When I saw that the lettuce that is sold here is expensive AND the size of the lettuce we put on hamburgers at home, it immediately made me want to know more about the Filipinos perception and consumption of vegetables.
I had wishful thinking when I was making my grocery list on the plane. My list looked like what I would have bought at home: Salad with chicken, avocados with pepperonis, fresh fruits, BLT lettuce wrap, etc. I still have seen an avocado regardless of how many grocery stores I’ve been to, there are not fun salad toppings like the ones I would have chosen at home, and then the lettuce made me shove my shopping list in my pocket and take another route to my grocery shopping plan.
The picture of lettuce above would have cost almost ~1$ (45 pesos) in the US and would not have been hardly enough to make one salad. Notice the corn in the picture above to give you a frame of reference to how small the lettuce is. So trying to encourage a family of 6 to eat salads for dinner, it wouldn’t have been affordable! My bottle of water from this fancy coffee shop I am sitting in was 45 pesos. If you wanted Romaine lettuce, that’s even more expensive and not much more in quantity. Now take a look at what we can get at HEB at home.
About the same cost for probably 4 times the amount!
Why does this matter? Because we will need to find a way to counsel about healthy nutrition, but what is we told our patients “eat salad and cook with olive oil”. We would probably get nods, but inside they’d laugh at us because of how expensive those items are here! Olive oil was 200-500 pesos. That is more than a days wage for some of our patients.
Now I understand why my research said the Filipino consumption per capita of vegetables only averages 22kg/yr when compared to the Food and Agriculture Organization (FAO) recommendation of 146-182 kg/yr.
It's not affordable!
Then the next question I asked was to know what all the options were for our patients to buy groceries? Were they more likely to travel to the grocery store like we were in or were there more accessible options, what was available to them and the associated cost?
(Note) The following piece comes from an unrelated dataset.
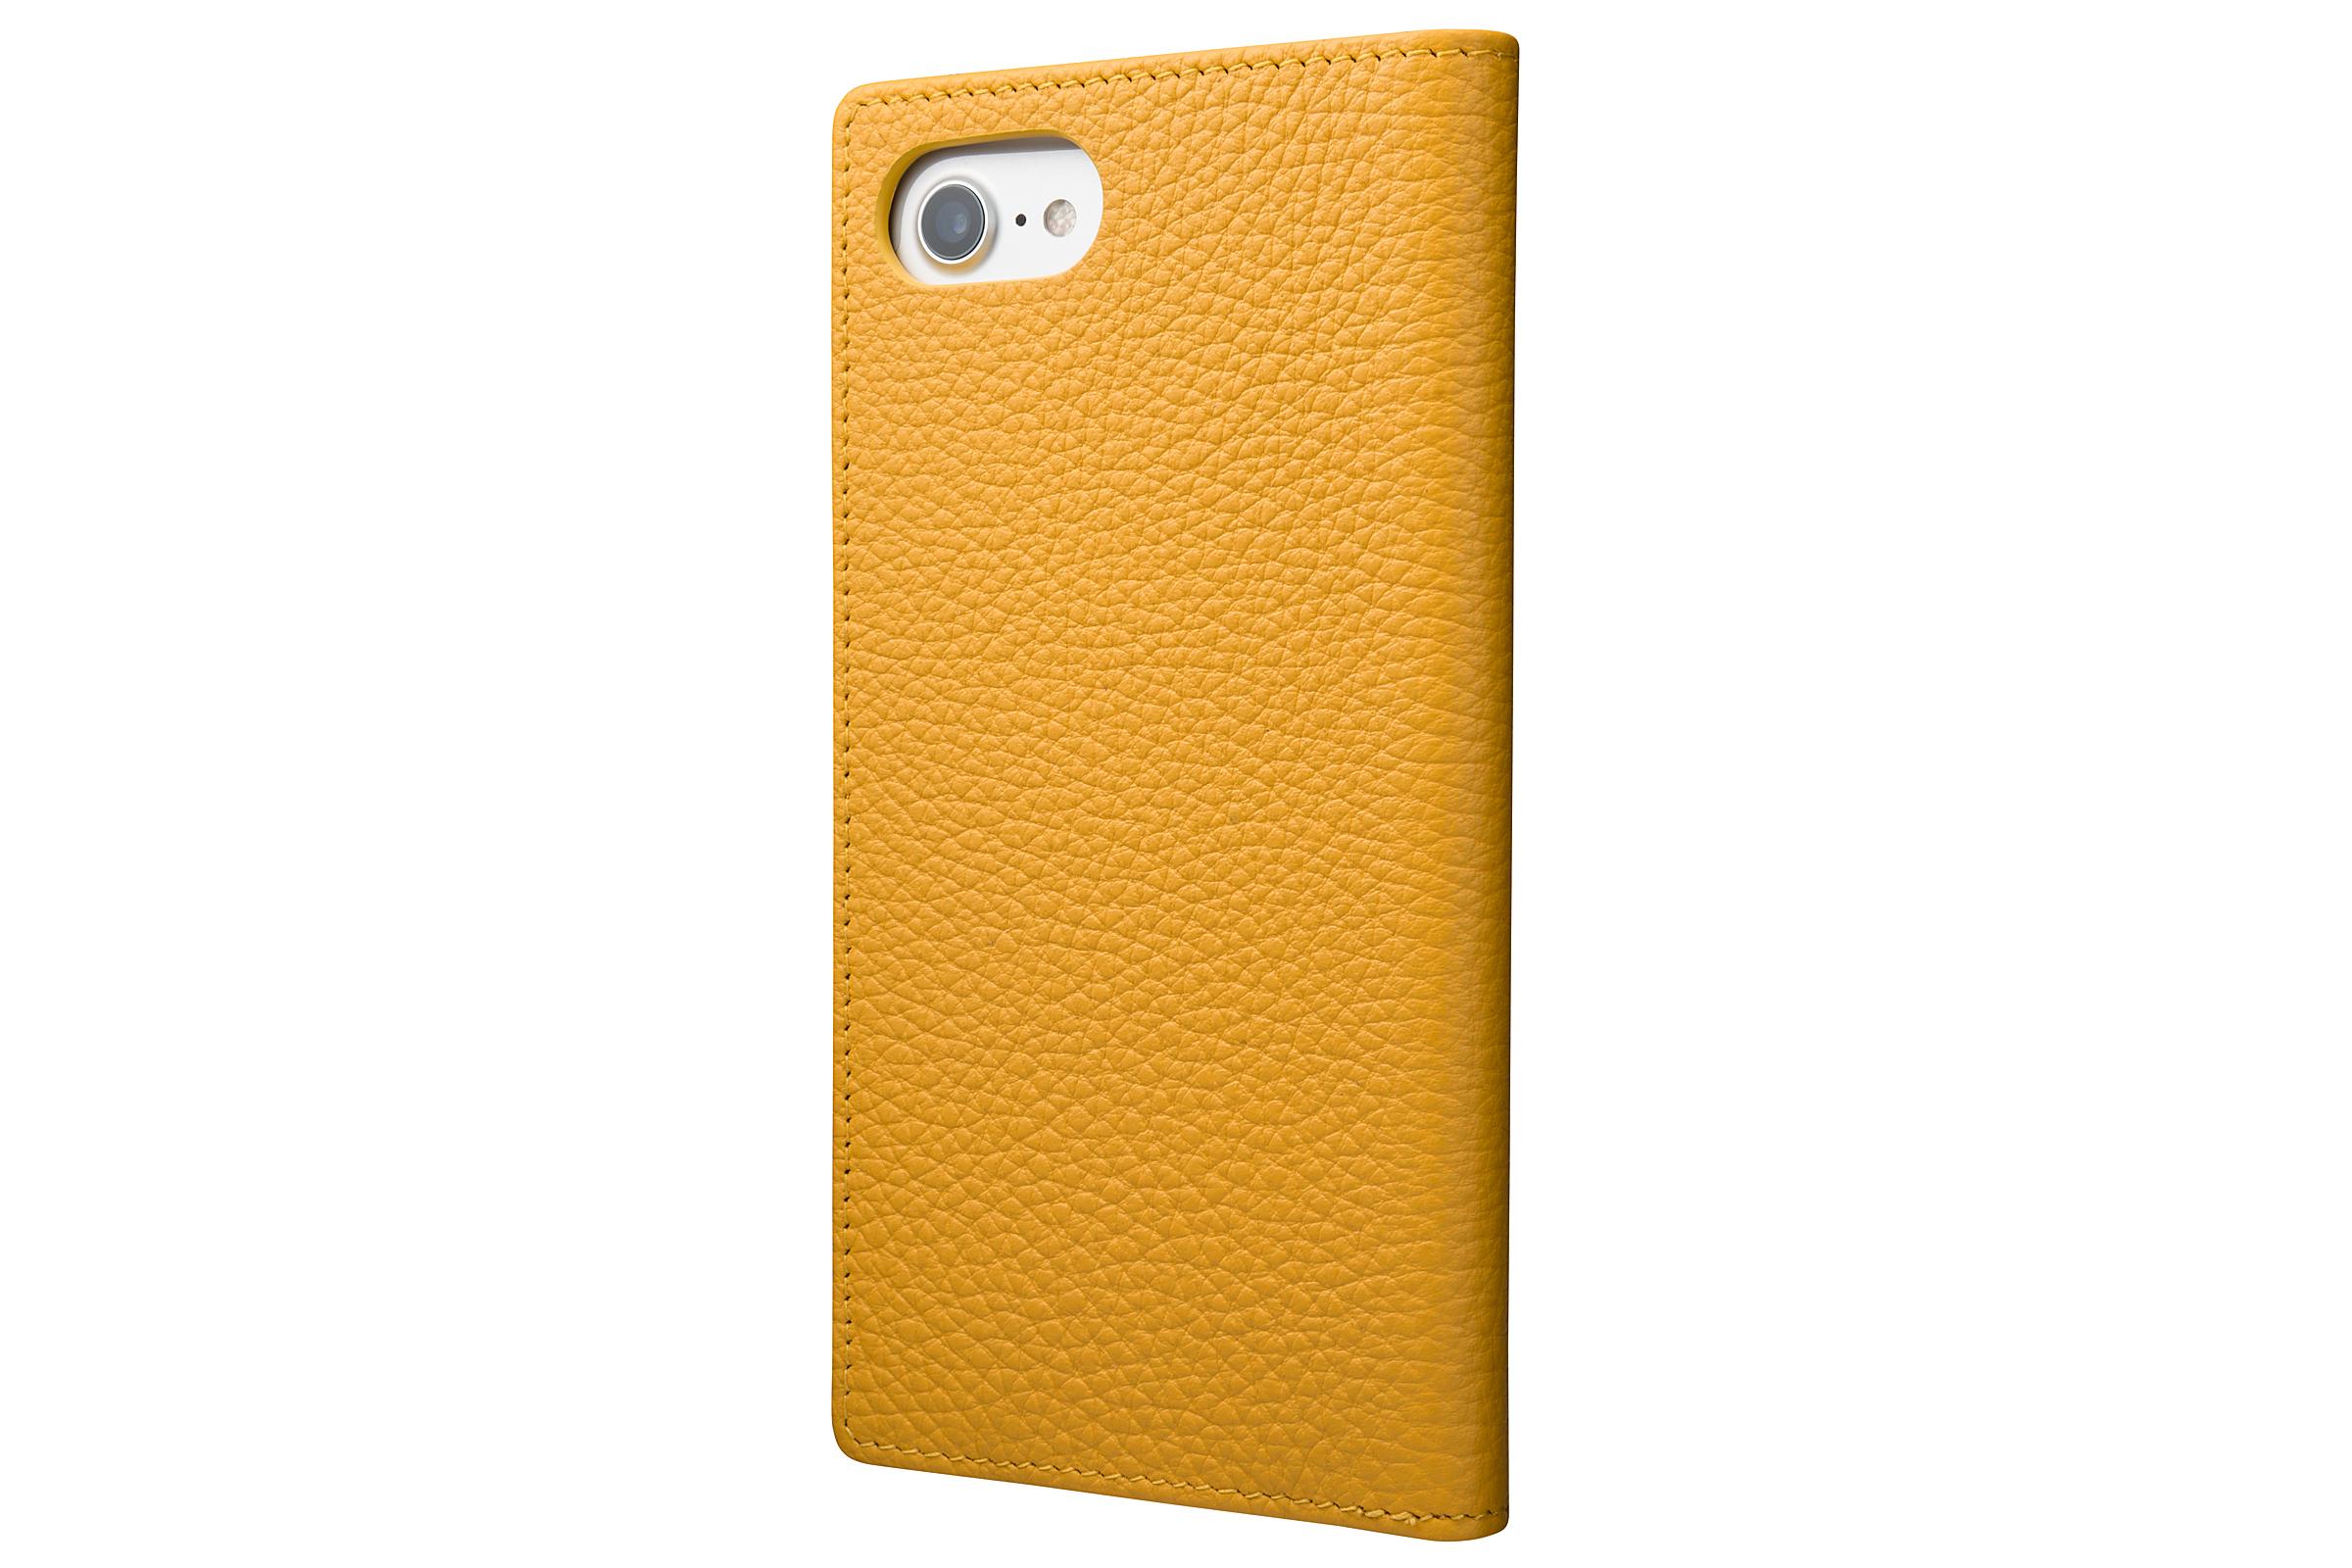 GRAMAS Shrunken-calf Full Leather Case for iPhone 7(Yellow) シュランケンカーフ 手帳型フルレザーケース - 画像2

The most accessible option would be the Sari Sari store. These are storefronts built into the front of people's homes in the middle of neighborhoods or regular shops in the market. This was mostly chips, cookies and canned food. All items high is sodium, sugar and fat. There was rice and hygiene products as well.
Another diet suggestion that came to mind from seeing how my mother modified her diet was to recommend Brown Rice, but in none of these accessible options provided that option. And the cost difference was quite drastic (80 pesos per KG for brown rice VS 49-55 pesos per KG for white rice).
Next my cousin told me about the mobile stores that are the equivalent of the produce that is sold on the side of the roads occasionally at home or often in foreign countries. The selection of produce looked to be a good variety and the price were typically about 10 pesos cheaper than the grocery store. There was even meat options!
Then there are the “wet markets”. It is like a flea market, but for food. As you navigate the maze, you’ll pass vendors that specialize in just fruit or a type of meat/fish, or vegetables. Here is a great example of up-charing foreigners: When I asked how much their lettuce was, guess how much? 240 pesos vs the 160 in a grocery store!
Then I stumbled across some beautiful and lush batchoy (which was my favorite!) and asked how much for it? She said 50 pesos and I thought compared to the last ladies quote that this lady was being honest and I appreciated that! But turns out Batchoy must be really affordable there because she did triple the cost from what it was at the grocery store (16 pesos) hahaha
So where do studies show that our Filipino patients shop at? 58% access through a nearby small retail shop; 52% obtain food from their own gardens or backyards, 47% purchase from wet markets; 17% consume from own harvest; and only 16% buy from a grocery shop
When I my cousins about the perception of eating salad, they said that it is what the socialites and rich people eat. Then my internet research said “Some Filipinos consider vegetables as a poor man’s diet and thus usually opt to purchase meat and meat-based products as a status symbol. Even if convinced of health benefits, some households still opt to consume fewer vegetables as these require more preparation and have short shelf life.”
Regardless, it shows me that teaching nutrition to our patients is going to be a challenge, but a challenge accepted.
Now that I know what is affordable and attainable from near shopping sources, next will be to develop out culturally relevant recipe suggestions that do not rely heavily on salt like most of the current veggie recipes here do.